» **What is required**: Copying rule for the data below: pictures stay out, and only the lines from the one with "#astoria #boxing #boxinggym" down to the one with "EARLIEST KNOWN TANGED", inclusive, are repeated exactly.

» **Records provided**:
···
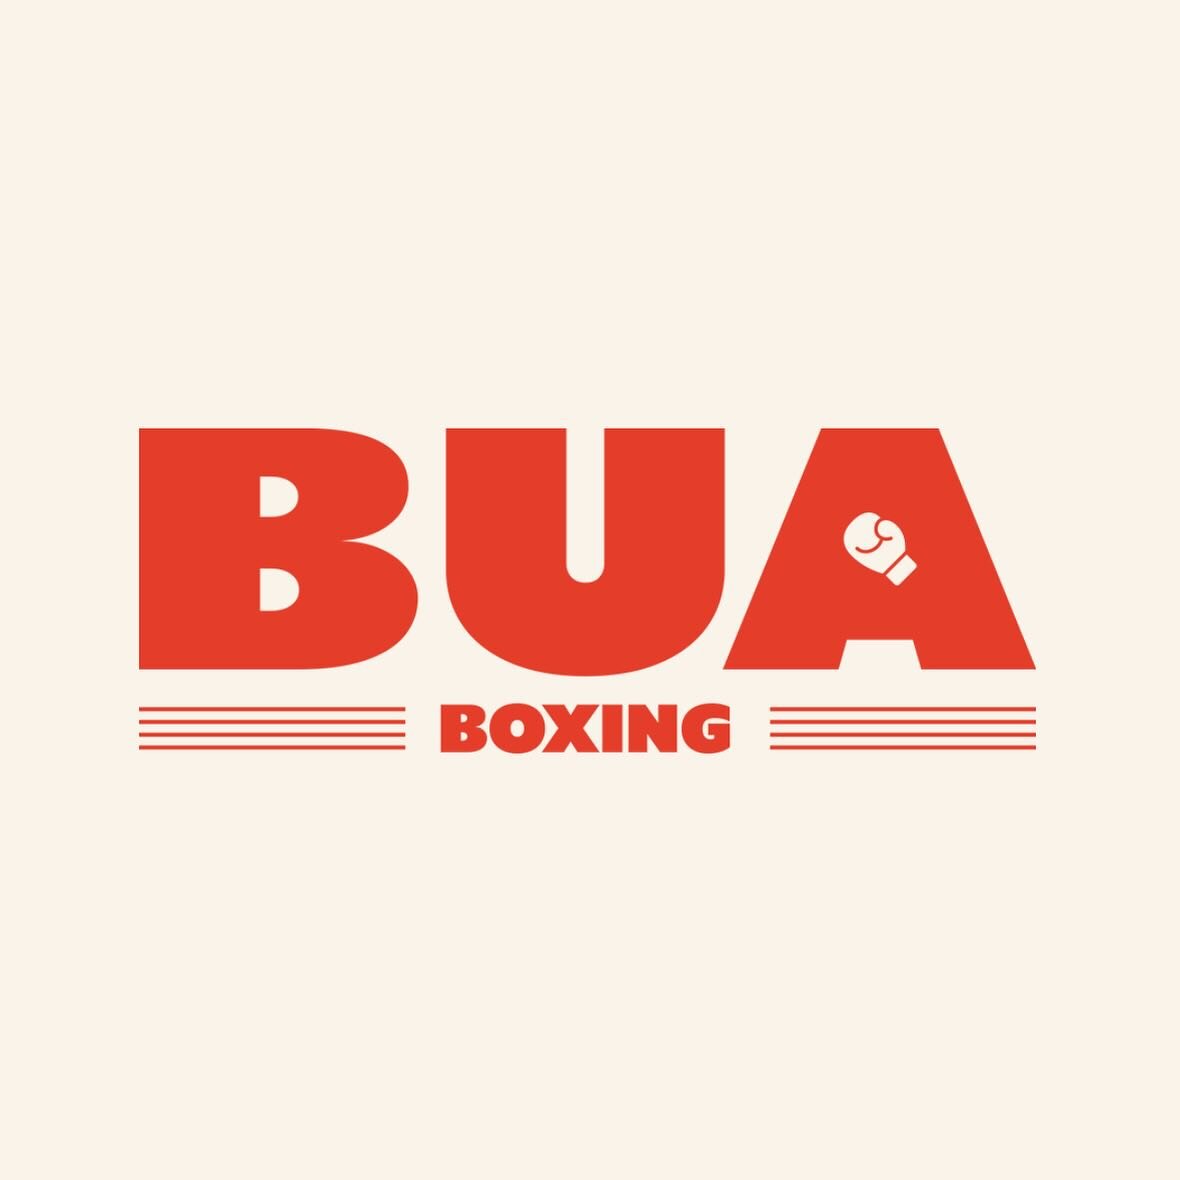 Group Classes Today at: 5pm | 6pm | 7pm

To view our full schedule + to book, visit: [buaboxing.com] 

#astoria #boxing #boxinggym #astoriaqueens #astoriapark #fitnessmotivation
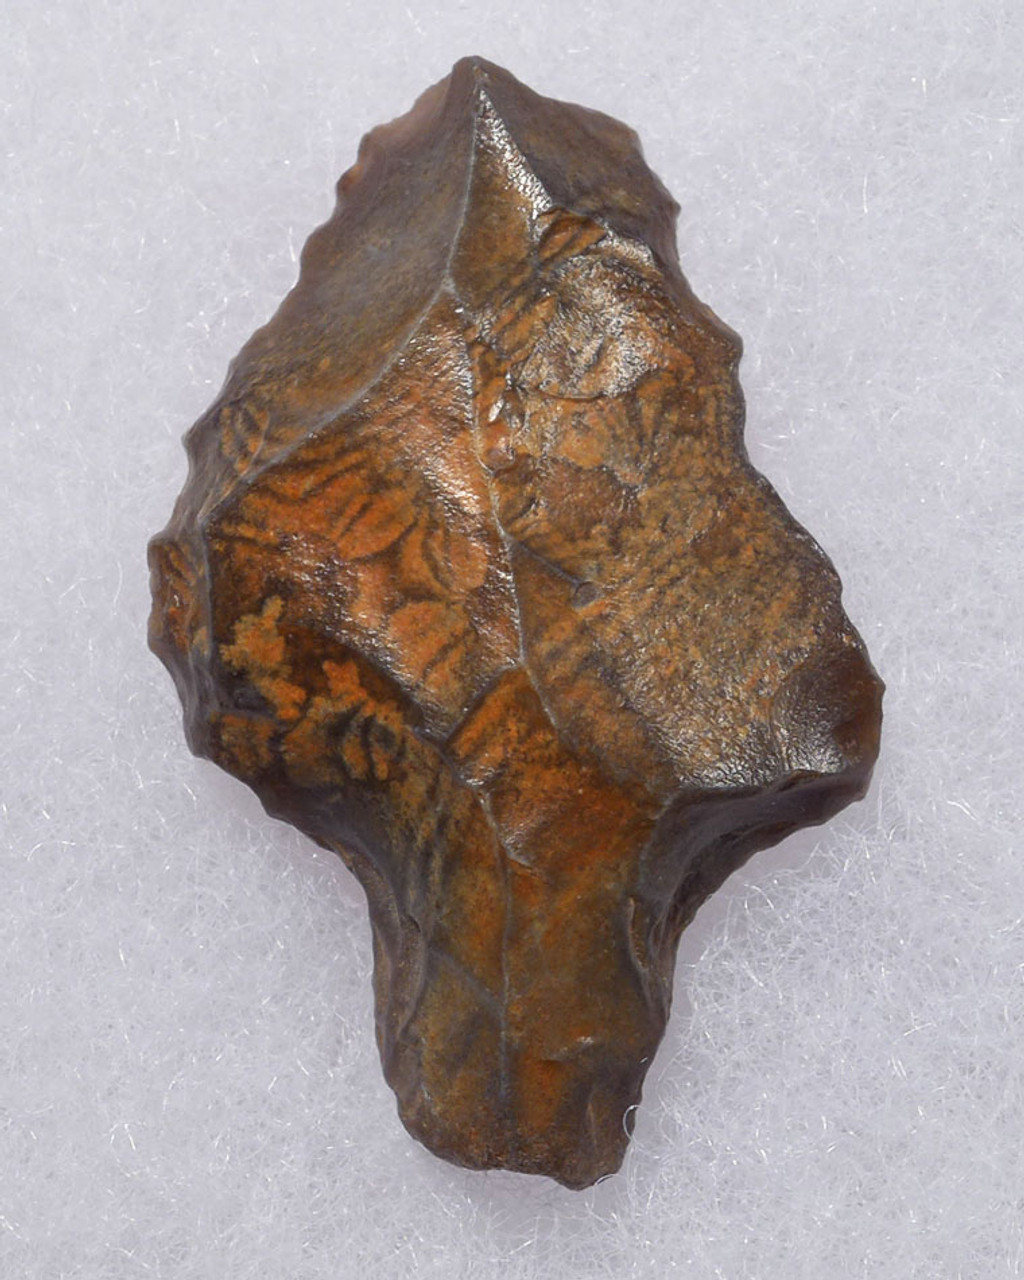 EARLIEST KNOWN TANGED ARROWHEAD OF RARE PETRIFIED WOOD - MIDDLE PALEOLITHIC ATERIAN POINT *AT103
···
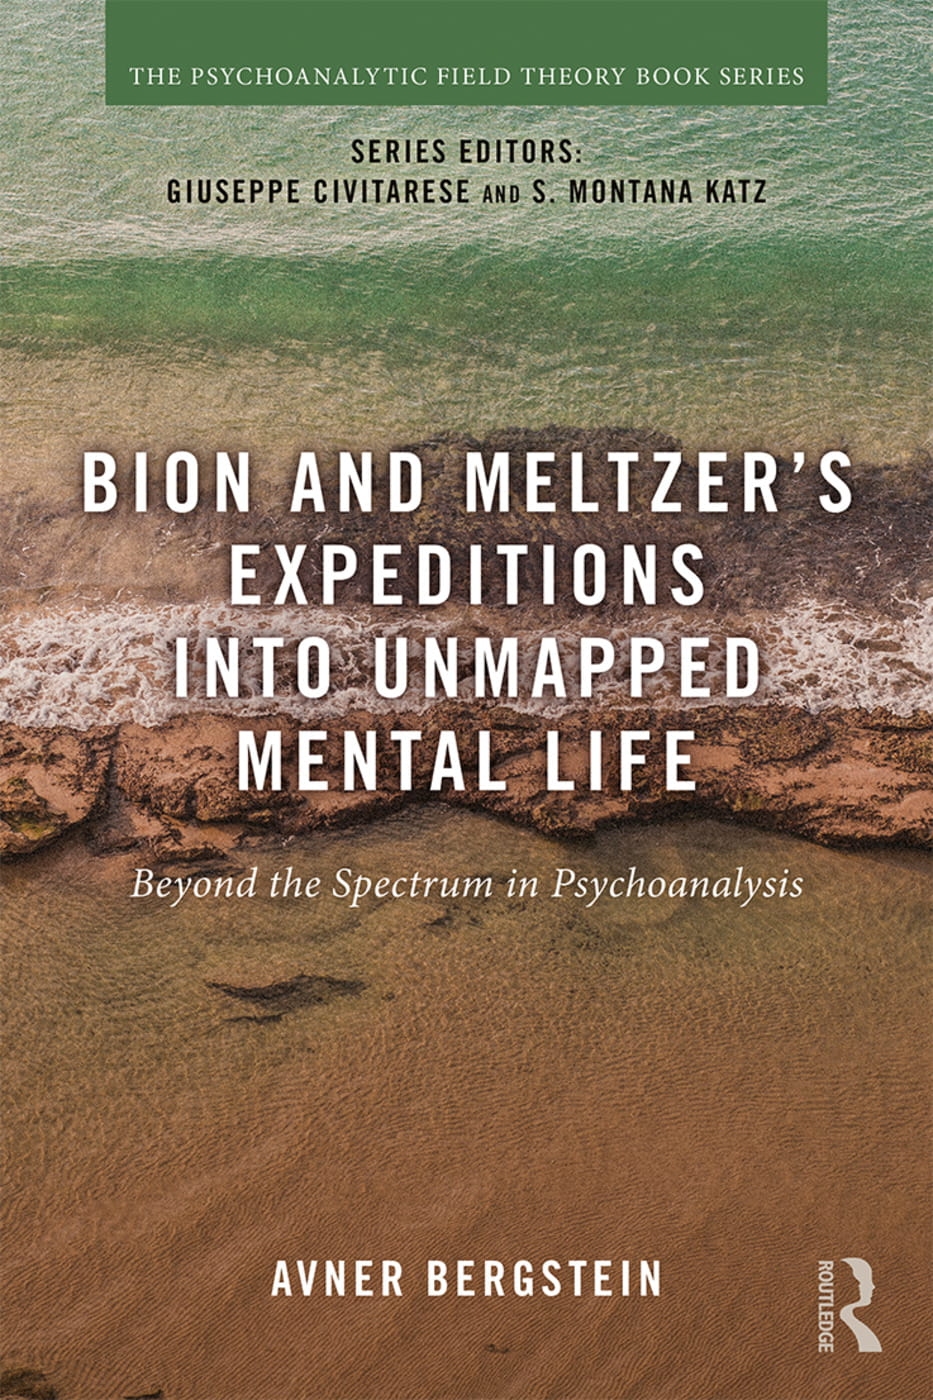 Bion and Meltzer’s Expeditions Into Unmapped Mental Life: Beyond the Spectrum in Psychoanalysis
···
» **Task answer**:
#astoria #boxing #boxinggym #astoriaqueens #astoriapark #fitnessmotivation
 EARLIEST KNOWN TANGED ARROWHEAD OF RARE PETRIFIED WOOD - MIDDLE PALEOLITHIC ATERIAN POINT *AT103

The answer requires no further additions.